--- What is needed ---
What is needed is an exact copy of the listing, with no pictures in it.

--- Provided data ---
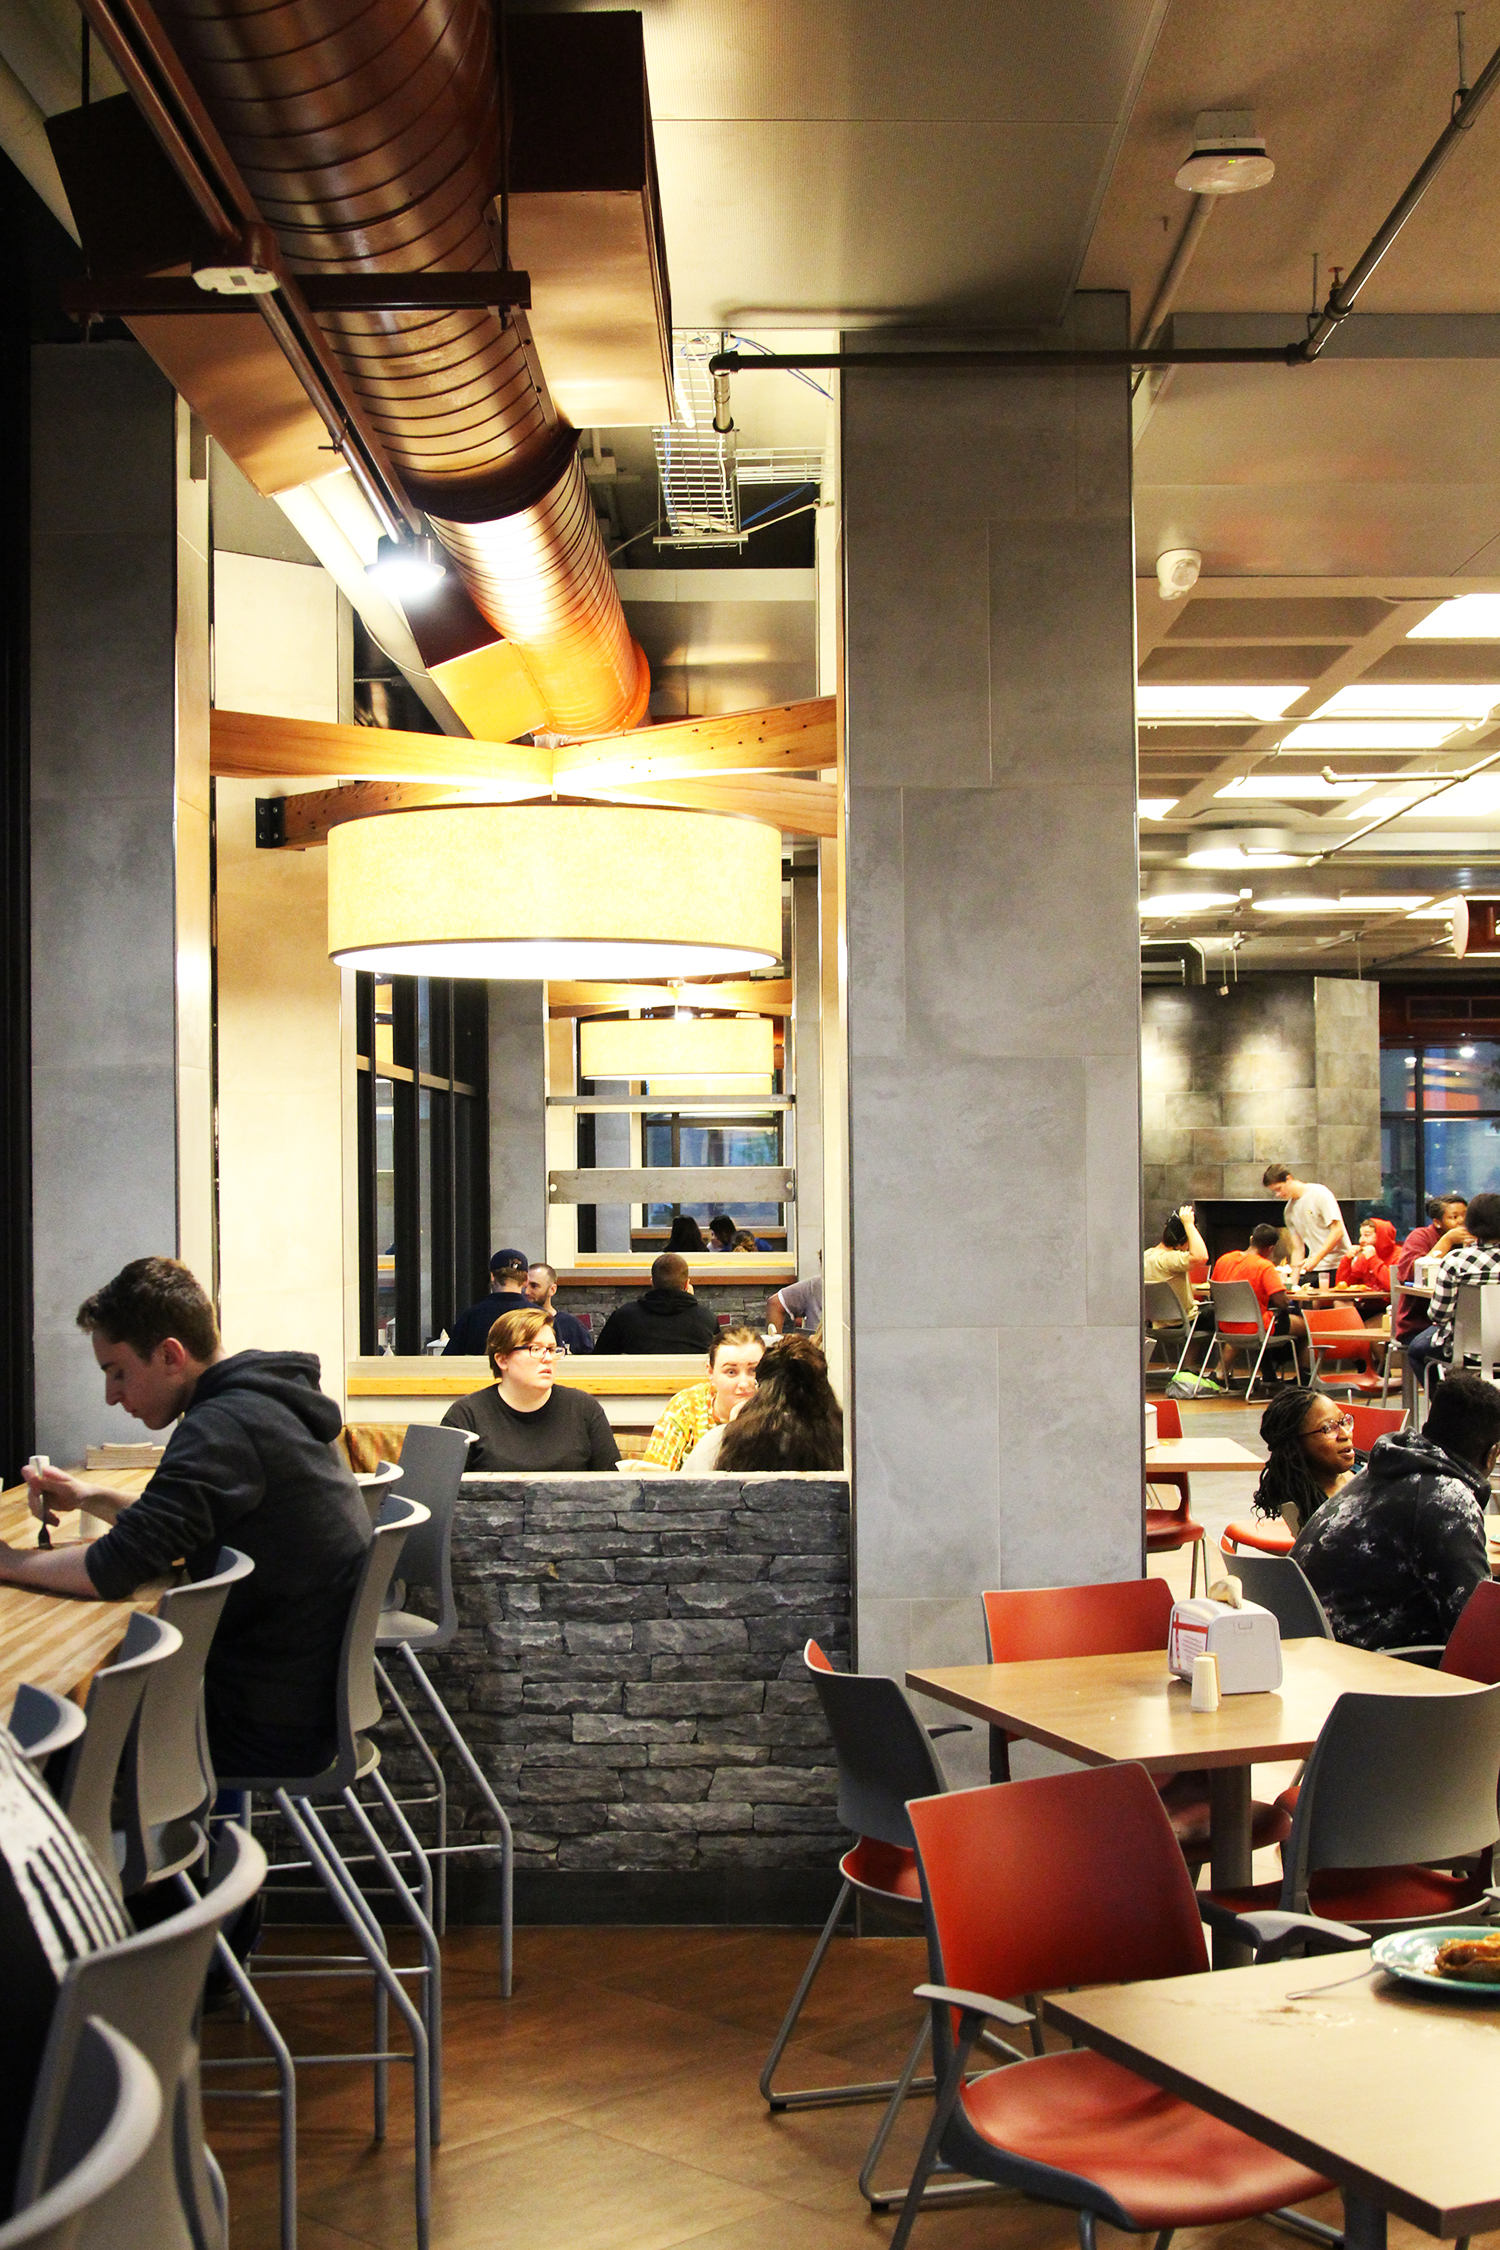 clinton dining hall_02.jpg
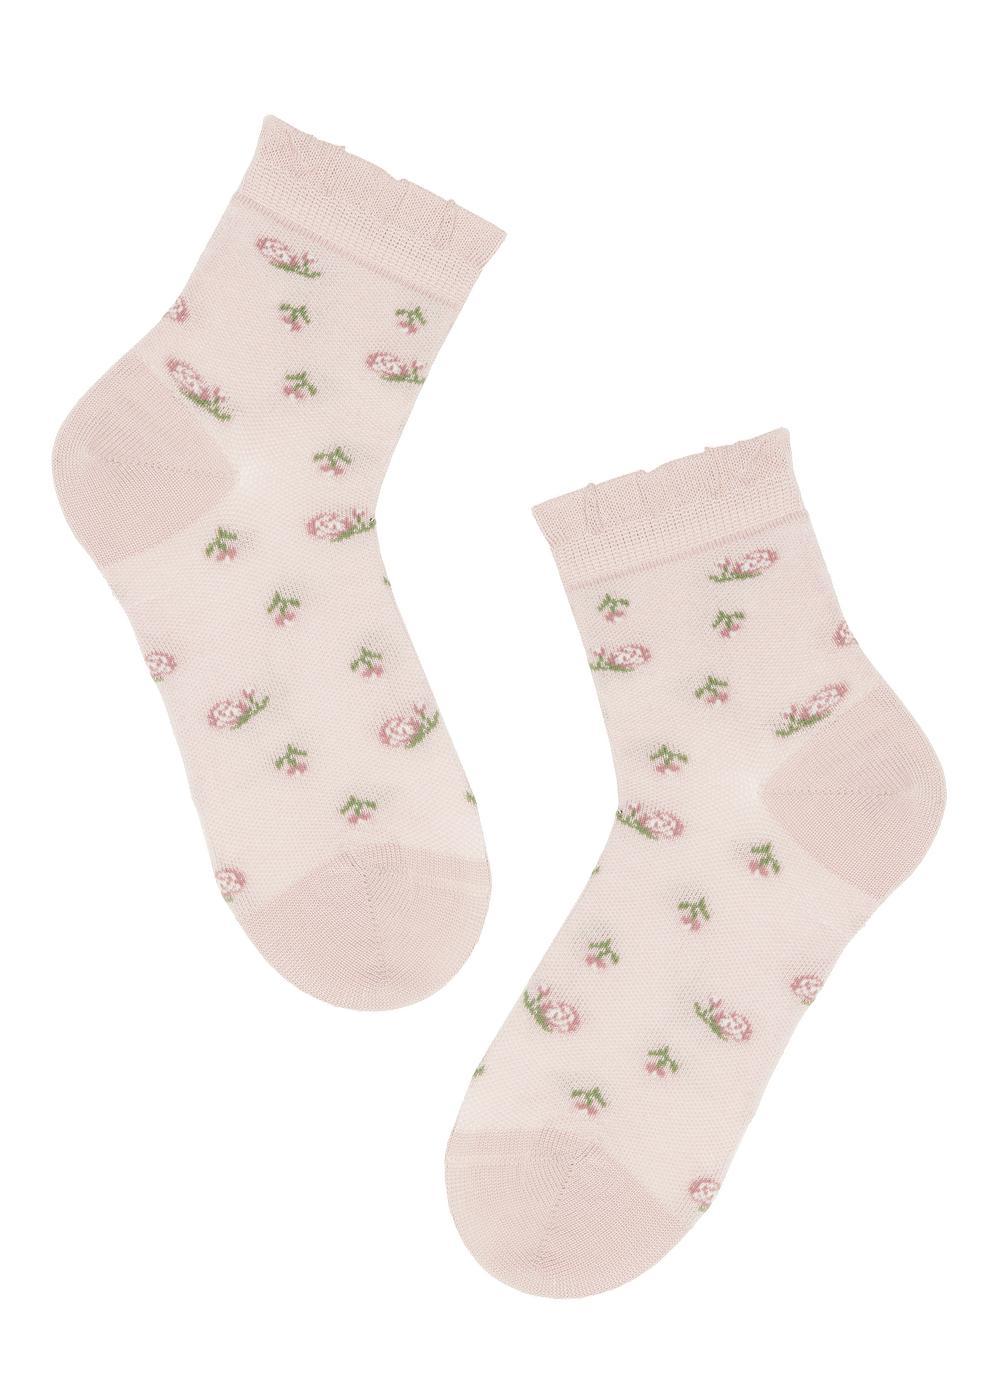 Kids' patterned cotton ankle socks
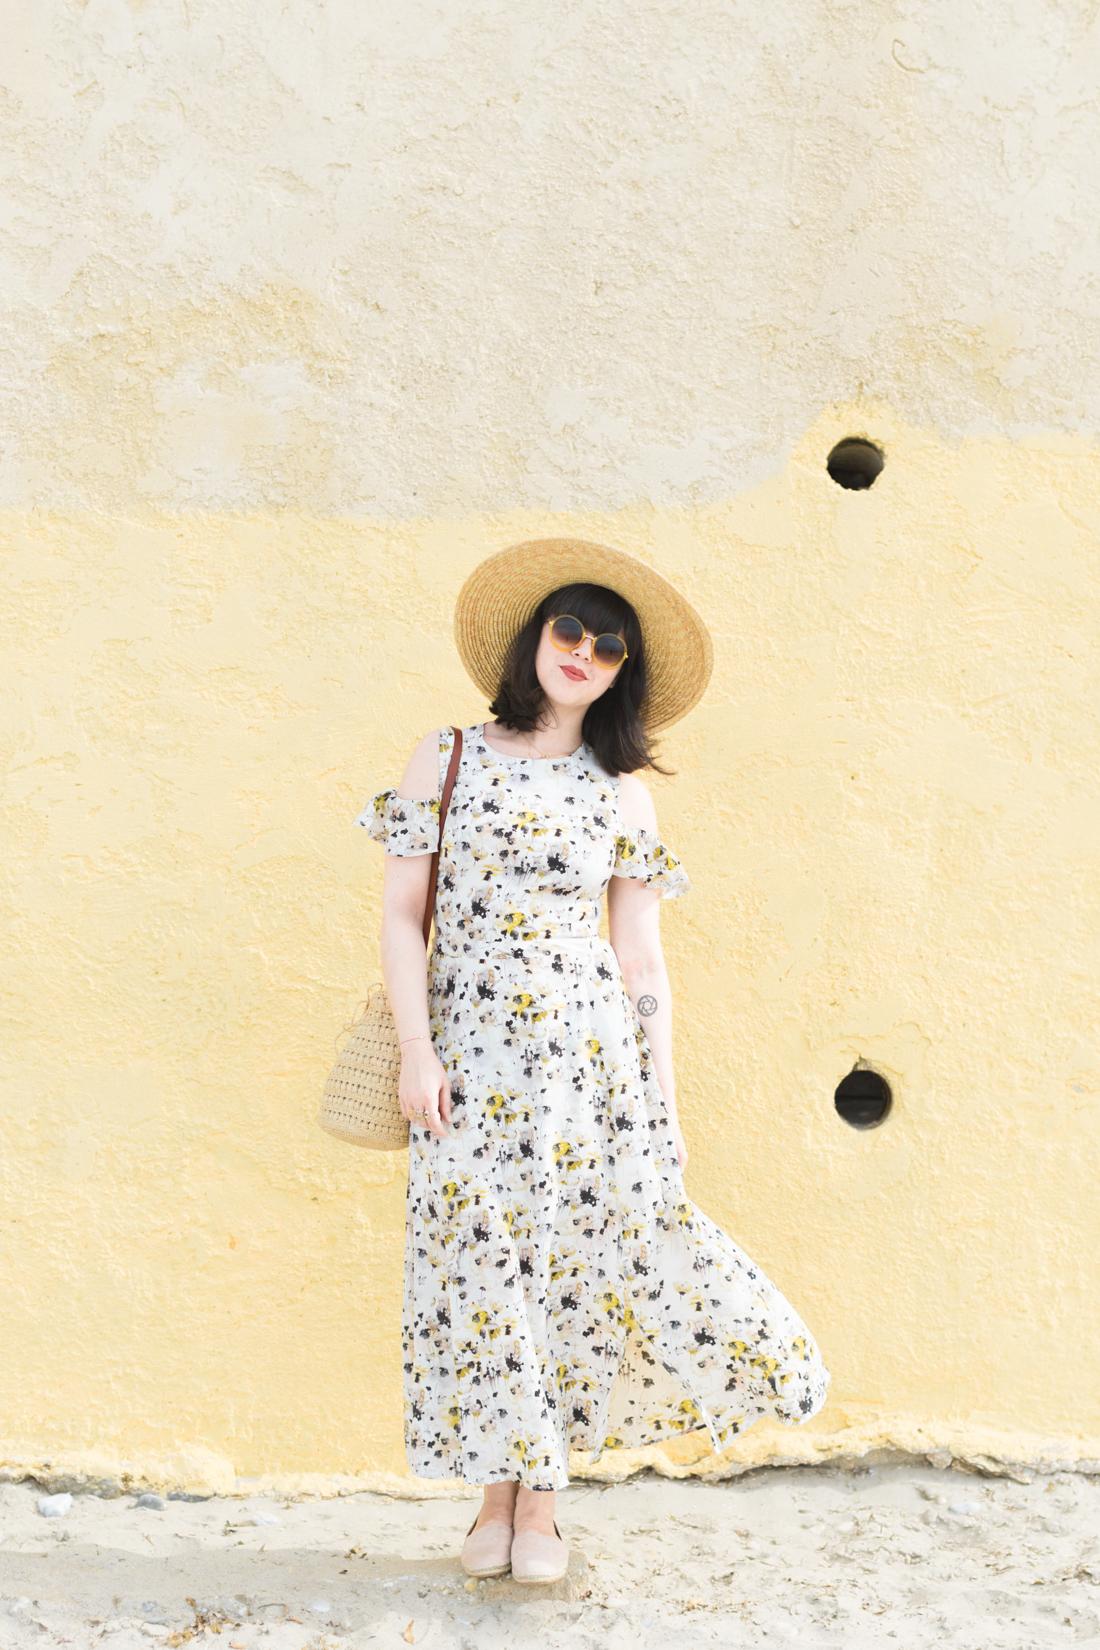 yellow_dress_flowers_kelly_love_youngbritishdesigners_copyright_Pauline_Privez_paulinefashionblog_com-1-2
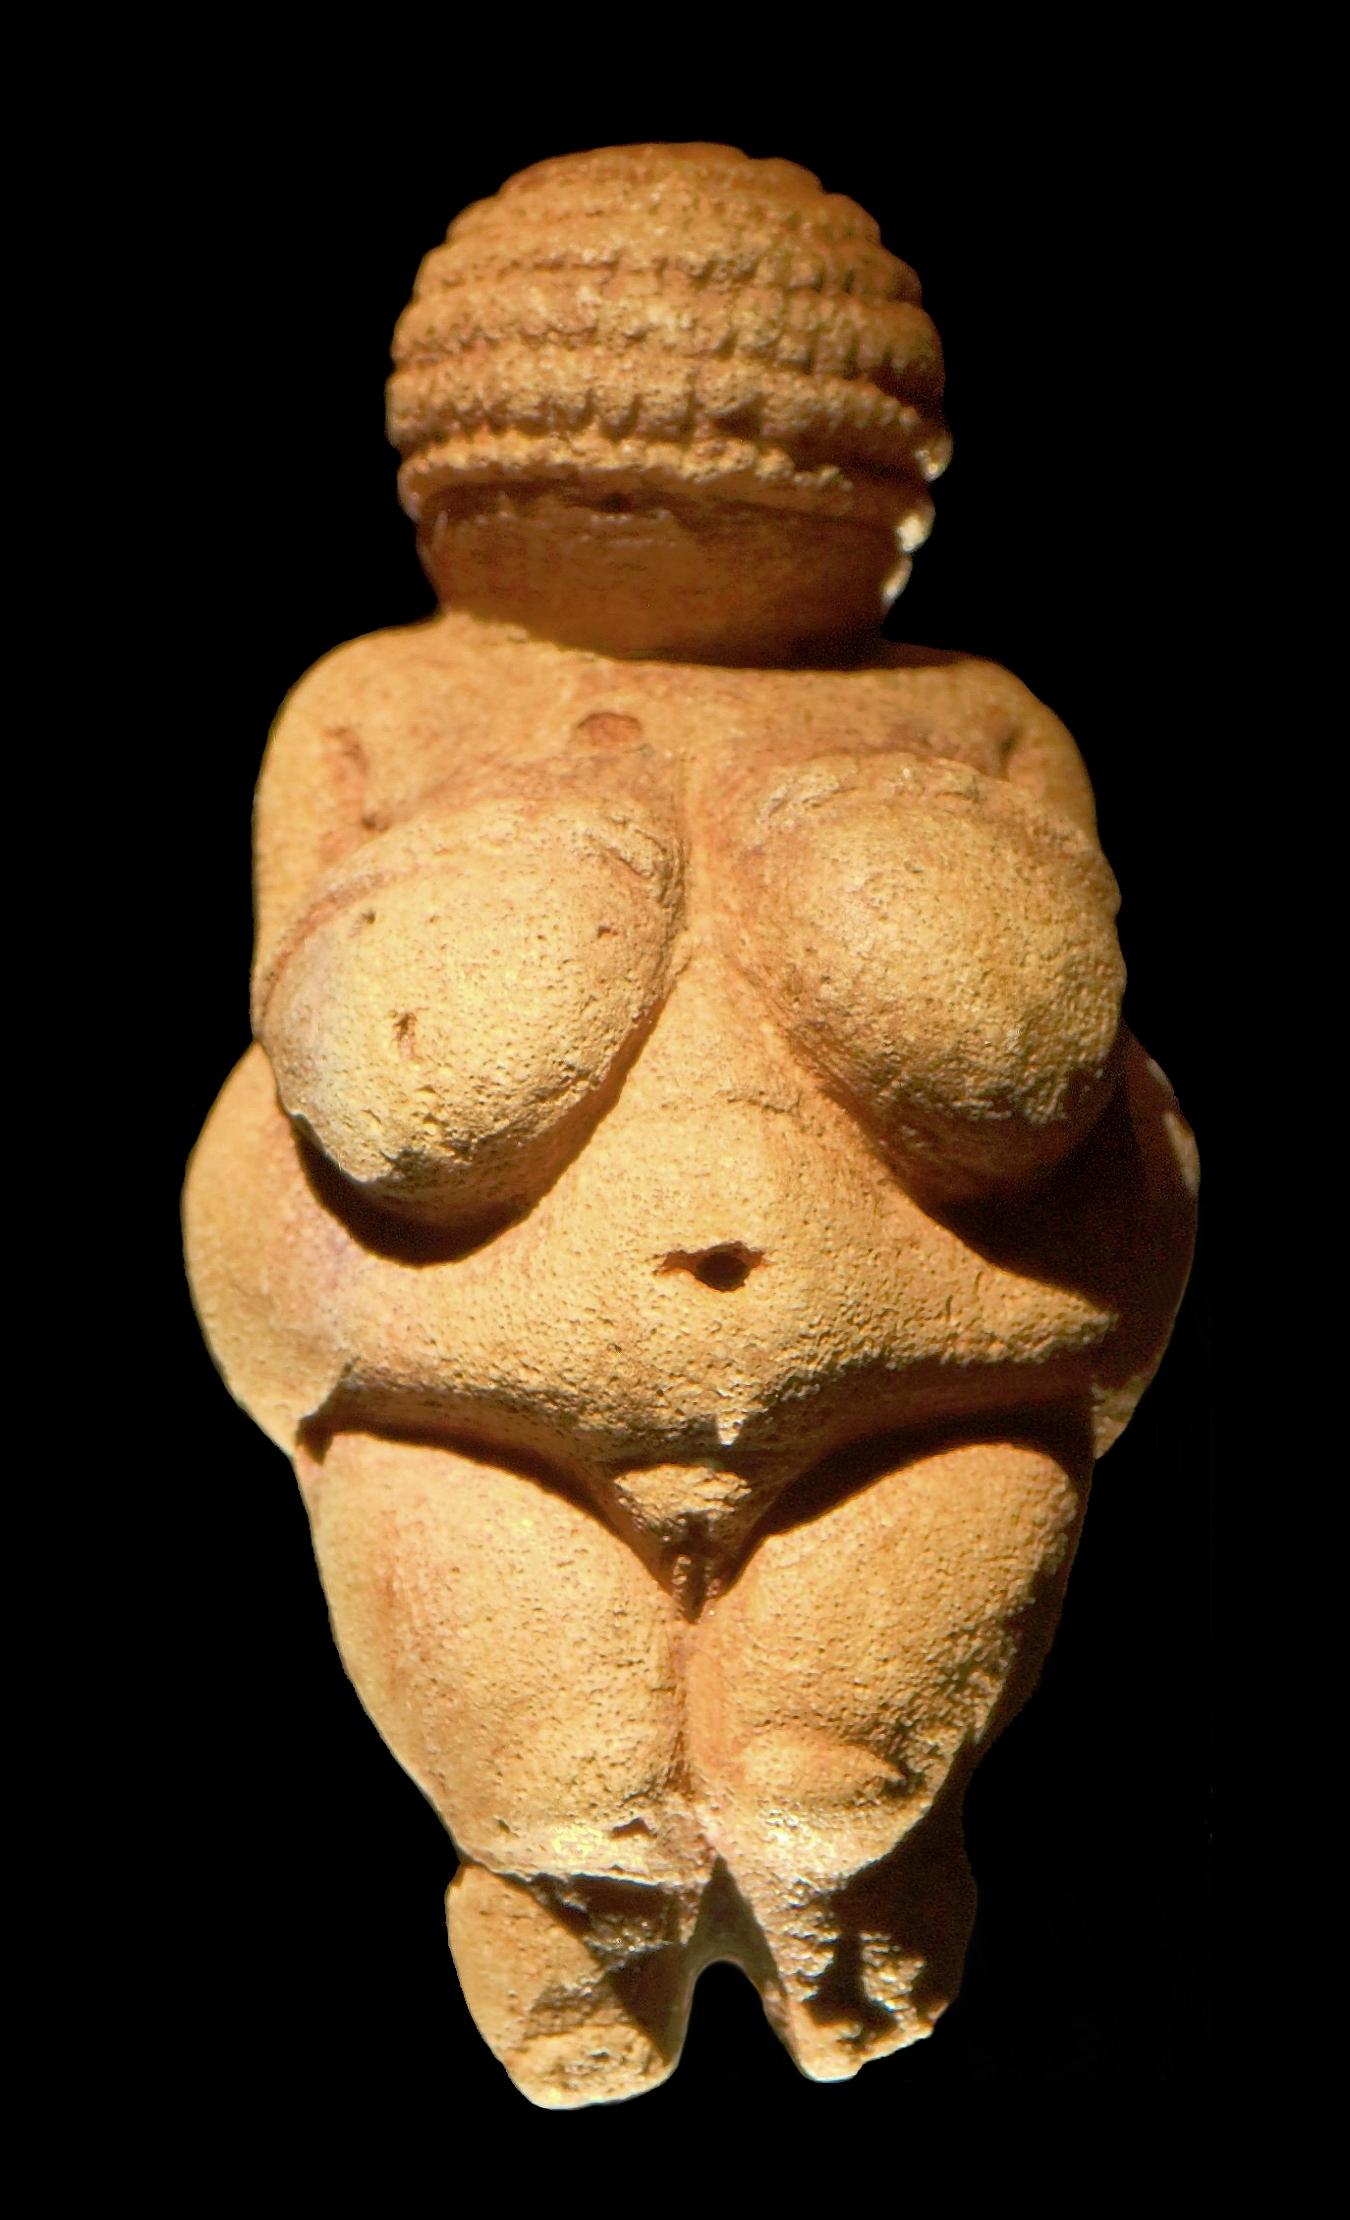 La Biblia - Página 3 Venus_of_Willendorf_frontview_retouched_2

--- Task solution ---
 clinton dining hall_02.jpg
 Kids' patterned cotton ankle socks
 yellow_dress_flowers_kelly_love_youngbritishdesigners_copyright_Pauline_Privez_paulinefashionblog_com-1-2
 La Biblia - Página 3 Venus_of_Willendorf_frontview_retouched_2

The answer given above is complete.